Элла: Ну а сейчас на данный момент нас поставили в такое положение, что мы сами вынуждены заниматься расследованием. Полтора года прошло – прокуратура не называет виновников. Это достаточно времени прошло, чтобы выявить… Имена известны. Почему-то не хотят привлекать к уголовной ответственности. Нас это не устраивает. Один Кулаев и три сотрудника РОВД, два сотрудника Ингушетии РОВД – нас это не устраивает. Теракт произошел, столько людей погибло, не только по вине террористов и по вине трех сотрудников. Мы уже знаем конкретные должностные лица, которое должны понести наказание. Основное дело откладывается – один раз отложили, второй раз отложили. У нас создается впечатление, что еще раз отложат и еще раз отложат. И так до бесконечности. Такое положение дел пострадавших не может устраивать. Конкретные вопросы ставятся перед Шепелем – на них ответов нет. Расследования объективного, по нашему пониманию - нет. Время идет. Беслан могут забыть, а между тем, если не расследовать бесланскую трагедию, то теракты будут продолжаться. Они и так продолжаются. Когда произошел Норд-Ост, мы на недавней встрече говорили, что, если бы Норд-Ост расследовали, виновников всех, то в Беслане такой трагедии не случилось бы, это однозначно. Поэтому сейчас вопрос стоит так: правоохранительная система уже, можно сказать однозначно, прикрывает виновников. Нас это не устраивает. Вот мы хотим послушать: вы как гражданин, даже может, не как представитель президента, просто как гражданин – как к этому делу относитесь? Есть конкретные лица, которые пошли на повышение – я могу перечислить вам. Например, Коряков, Гайденко – это сотрудники ФСБ. Теракты по закону о терроризме должны предотвращаться конкретными органами – представителями ФСБ. Ни один сотрудник ФСБ не понес наказания.
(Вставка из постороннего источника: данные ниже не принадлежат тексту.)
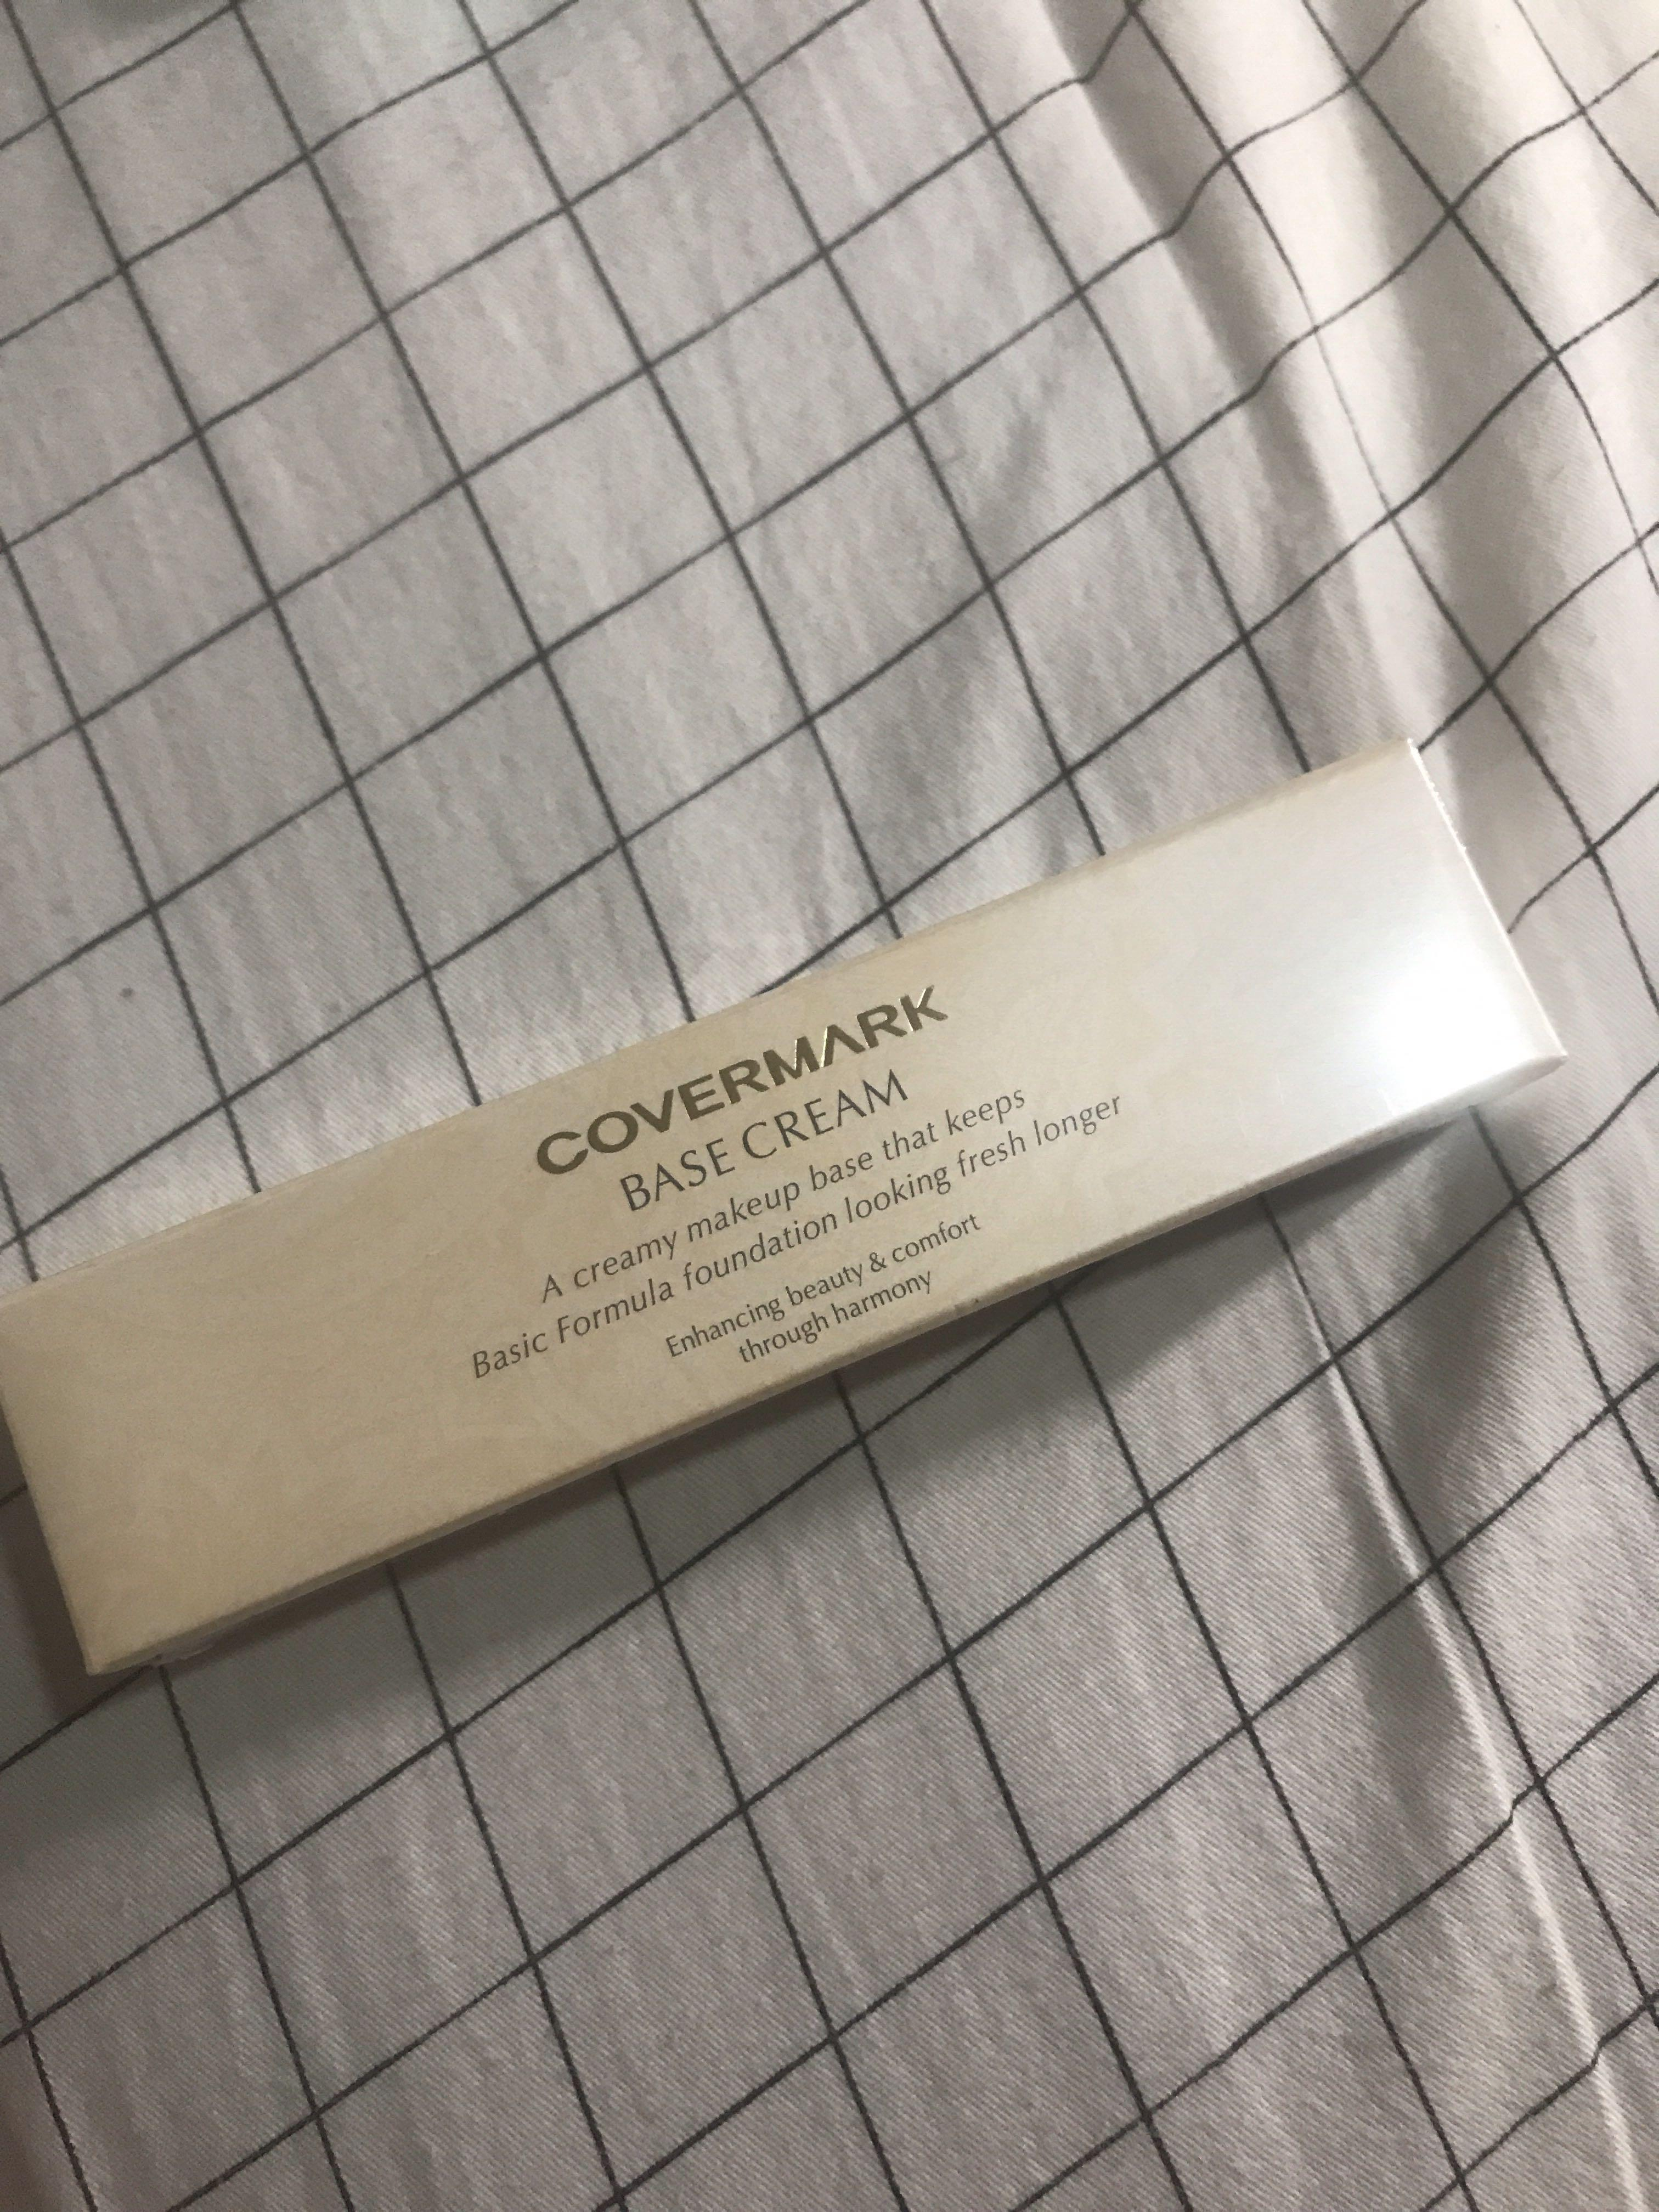 Covermark Base Cream

И вывода не сделано. И люди гибнут дальше. И безопасности нет, понимаете? Мы уже переживаем… То, что их не вернуть – это мы все понимаем уже. Но безопасности нет в дальнейшем, и нас это очень беспокоит, и вас это тоже, конечно, беспокоит, и мы должны придти к какому-то мнению, и потребовать, и вы нам должны помочь, по-моему. По крайней мере, в нашем представлении, вы нам можете помочь в этом.

Козак: Можно говорить? В каком ключе будем? Вопрос-ответ? Так, наверное, будет проще. Первое, что можно откровенно сказать: абсолютной безопасности, тем более против террористических актов, не существует нигде в мире. Вы говорите однозначно, что по результатам «Норд-Оста»  посадили бы сто  человек должностных лиц, то не было бы Беслана. Это неоднозначно. Мы должны просто правде в глаза сказать.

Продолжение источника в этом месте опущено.